忽然,我的心脏‘砰!砰!’的一阵压迫般的闷疼传来,我习以为常的翻了个身,趴在床上,咬紧牙关默默的忍受着这种疼痛的感觉。
这几天我已经习惯了痛感忽然而来,只要忍一忍很快就会过去了。
我知道顾璘这些天恐怕日子又不好过了,我能感觉到的疼痛,他会比我持续更长时间,甚至是一直疼着。
我送进他身体的那些灵力大概已经被用的差不多了,以至于让他连屏蔽我对他身体感知的力量都时灵时不灵的。
我有些好奇巫菁菁这段时间又干了什么,快过年了也不消停,闹的让我们都不能好好的。
痛处持续了大约五分钟,依旧没有消失的意思,这就有些异常了,之前的几天都是疼一会儿,很快就过去了。
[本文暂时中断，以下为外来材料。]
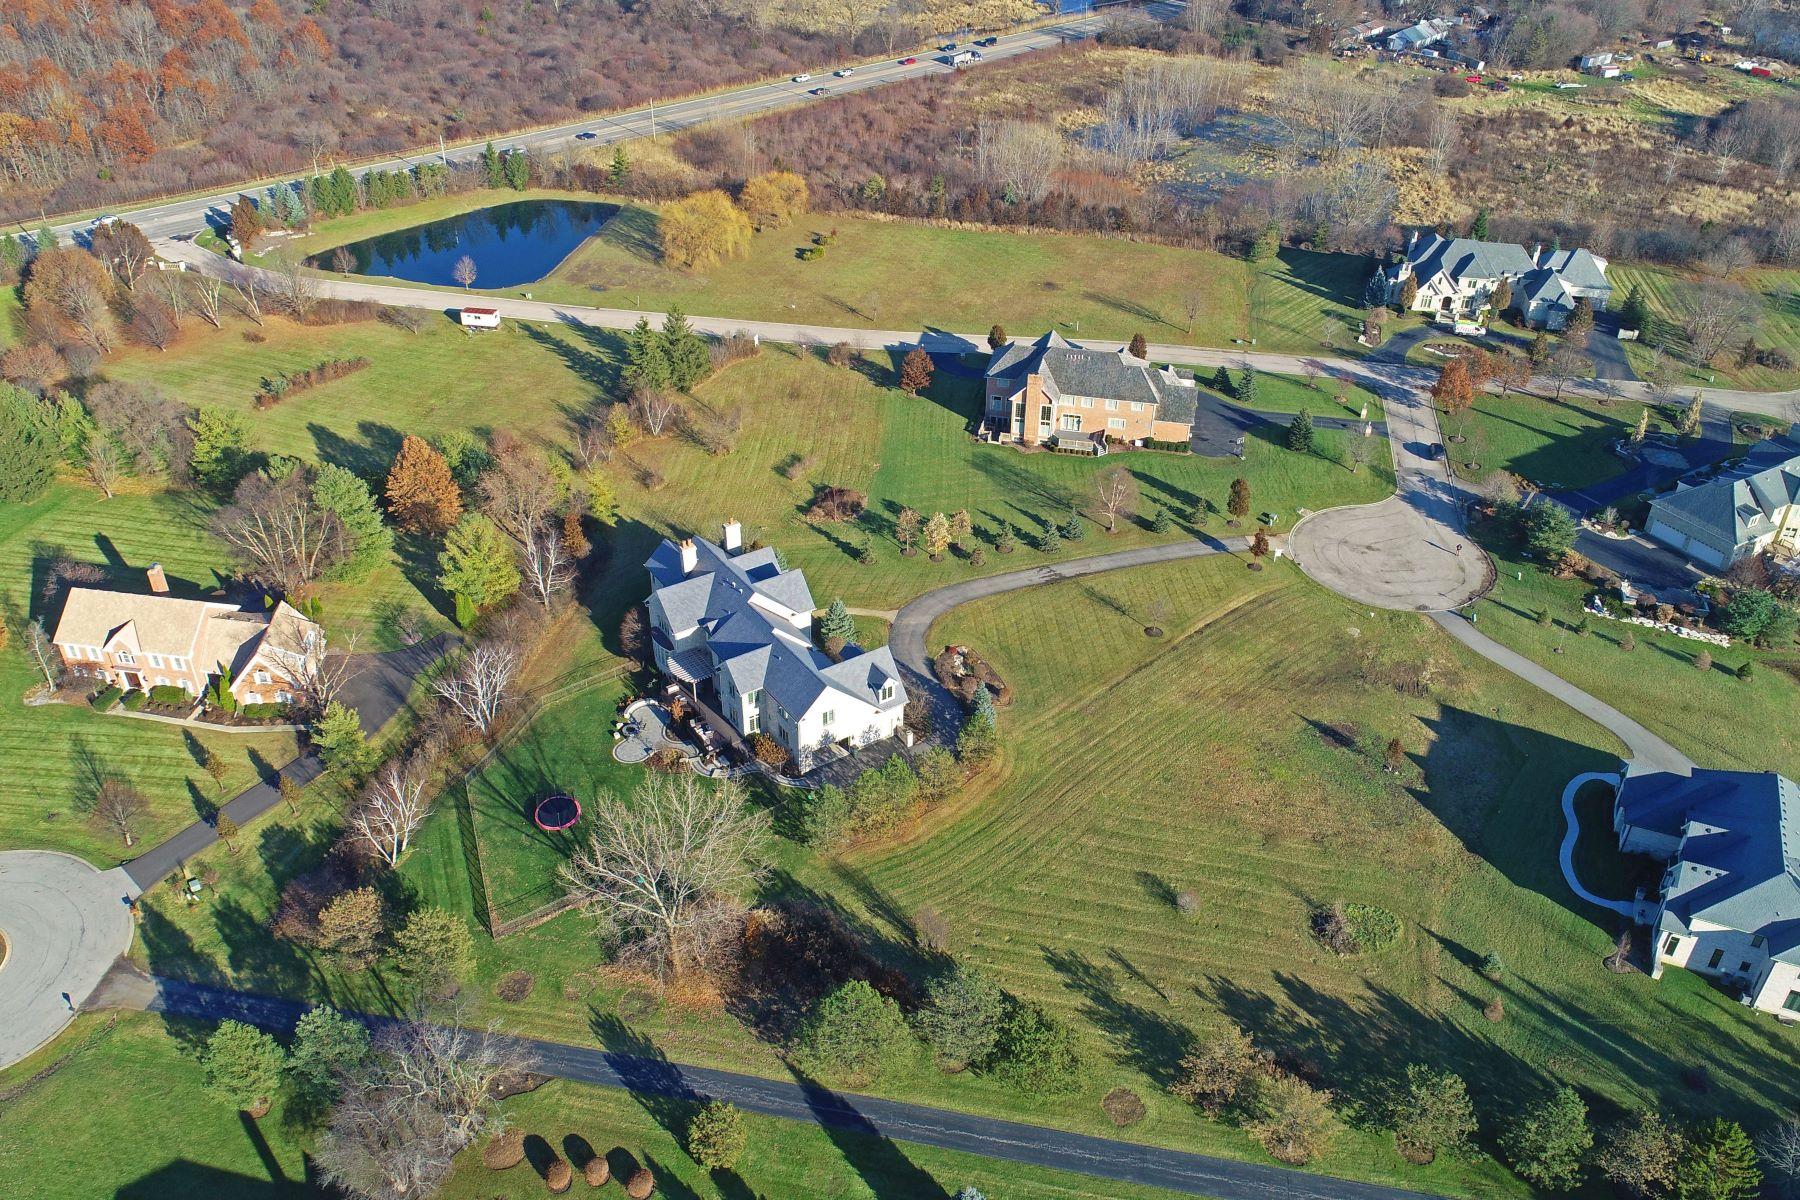 Οικόπεδο για την Πώληση στο Beautiful Nathan's Glen Home Site Leanda Lane Lot #9 Barrington, Ιλινοϊσ 60010 Ηνωμένες Πολιτείες
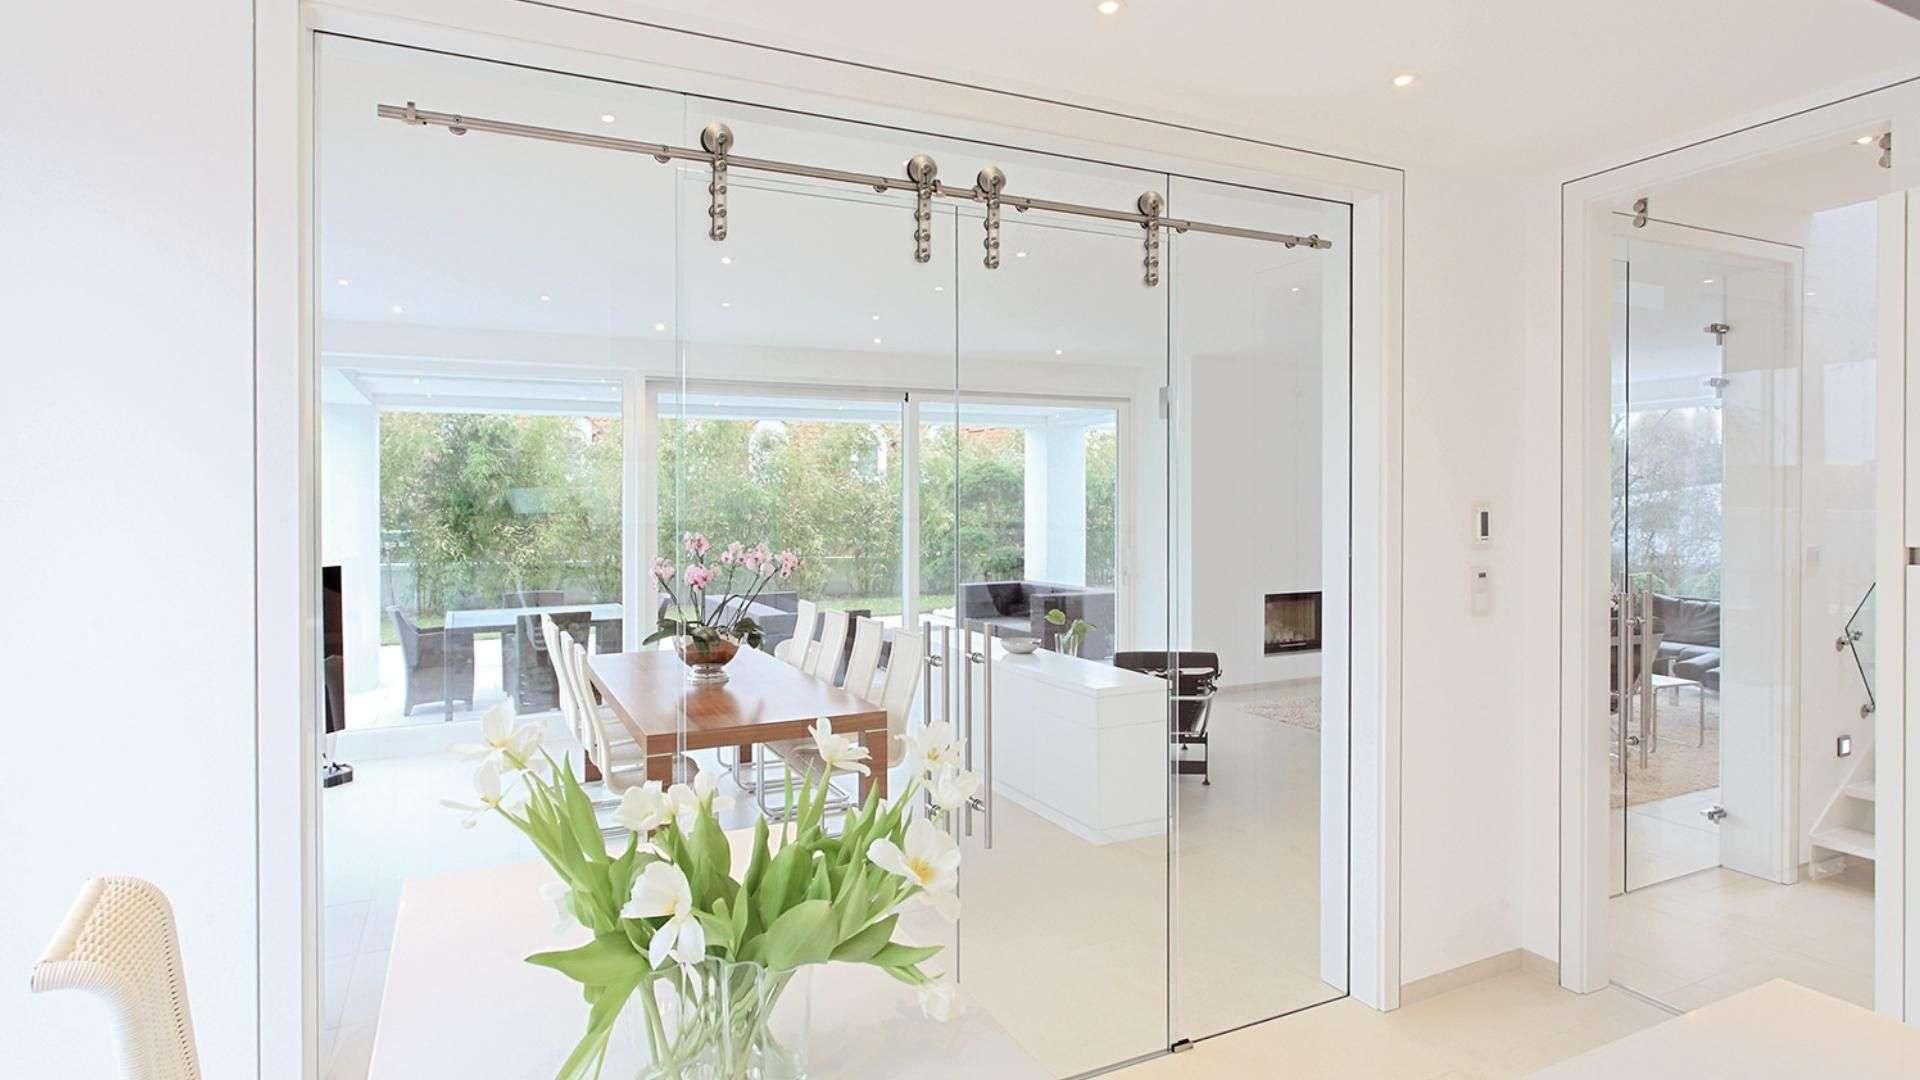 große Schiebetür aus Glas zu einem Esszimmer

最长的一次也不过是大约三分钟,可就是那三分钟时间,疼的我大冬天的全身冷汗。
‘咚、咚、咚……’一阵敲门声之后,我爸的声音从门外响起。
“小灵,你有朋友来家里找你。”
我咬咬牙,忍着痛处,脑子里思绪乱的根本分不出多少精力去应付忽然到来的朋友。
况且,快要过年了,是谁会在这个时间找我?
我艰难的撑着身体起床,面上还要装作若无其事的样子。
我身体的异常不能让我爸发觉,不然以他对我的过度关心,很有可能会在我过生日这一天,带我去医院里面过。
“来了。”我尽量让声音显得自然一些,起床下地,脚步都是虚浮的。
顾璘那边还在疼,不知什么时候才能停止,他是又昏过去了吗?不然怎么会控制不住对我的感观屏蔽?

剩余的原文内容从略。